Basic data type declaration
I respective basic types of PC data sizes are as follows:
Code:
#include <iostream>
using namespace std;
int main() {
cout << "char: " << sizeof(char) << endl; // 1
cout << "bool: " << sizeof(bool) << endl; // 1
cout << "int: " << sizeof(int) << endl; // 4
cout << "long: " << sizeof(long) << endl; // 4
cout << "long long: " << sizeof(long long ) << endl; // 8
cout << "float: " << sizeof(float) << endl; // 4
cout << "double: " << sizeof(double) << endl; // 8
return 0;
}
Out:
char: 1
bool: 1
int: 4
long: 4
long long: 8
float: 4
double: 8
Structure
Code:
#include <iostream>
using namespace std;
struct A {
bool one;
};
struct B {
int one; // 4
bool two; // 1
};
struct C {
bool one; // 1
int two; // 4
double three; // 8
};
struct D {
char one[10]; // 12
double two; // 8
double three; // 8
};
int main()
{
cout << "A: " << sizeof(A) << endl;
cout << "B: " << sizeof(B) << endl;
cout << "C: " << sizeof(C) << endl;
cout << "D: " << sizeof(D) << endl;
}
Out:
A: 1
B: 8
C: 16
D: 32
Add compiler directives head:
#pragma pack(4)
Out:
A: 1
B: 8
C: 16
D: 28
Memory Alignment: In order to facilitate the reading of the CPU, the data structure of the compiler will be a fixed integer multiple of alignment, and this number is usually fixed with 4 bytes and 8 bytes. Generally determines the word length factor is a CPU, i.e. 32bit word length, for the CPU will read 4 bytes, to be more quickly and easily than the 1-byte read. And replaced 64bit word length of the CPU, wanted to 8-byte read will be more quickly and easily.

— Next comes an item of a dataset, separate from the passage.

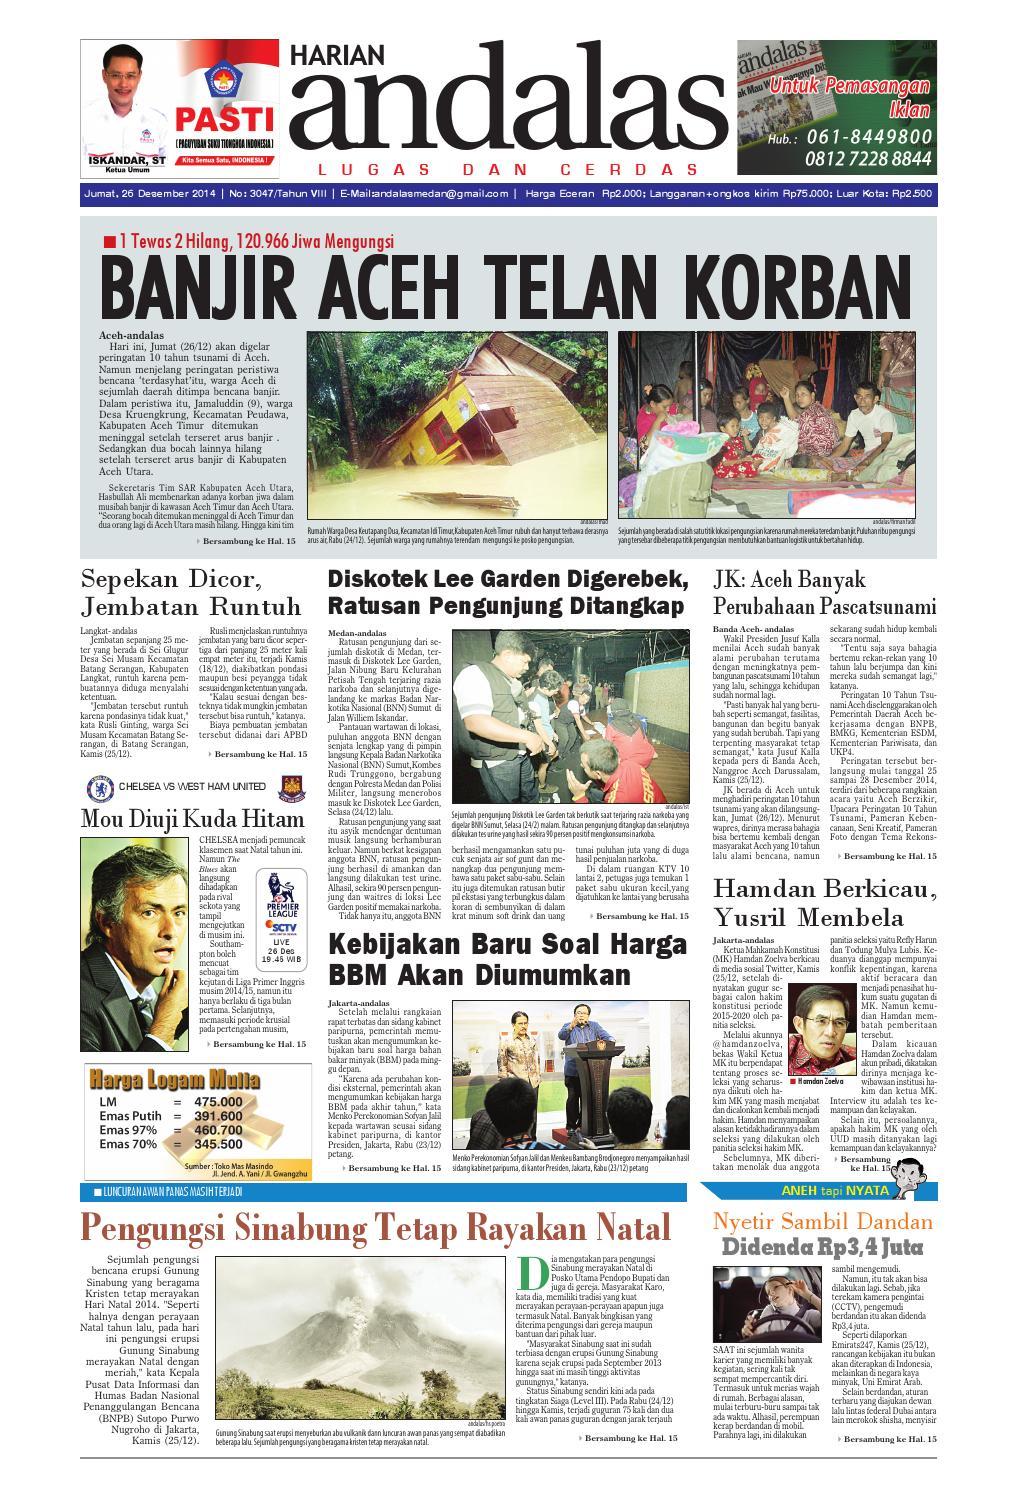 Epaper Andalas Edisi Jumat 26 Desember 2014 By Media Issuu Fcenter Meja Belajar Sd Hk 9004 Sh Jawa Tengah

In the compiler-specific platforms, generally have a default "Align coefficient" (also called modulus aligned), i.e., does not correspond to the current CPU alignment word length coefficients. This factor can be changed by a pre-compiled command #pragma pack (n), where n is and you have to specify the "alignment factor."
Thus, I use the compiler MinGW-W64 gcc version 8.1.0aligned coefficients default is 8 bytes, i.e. corresponding to the 64bit CPU.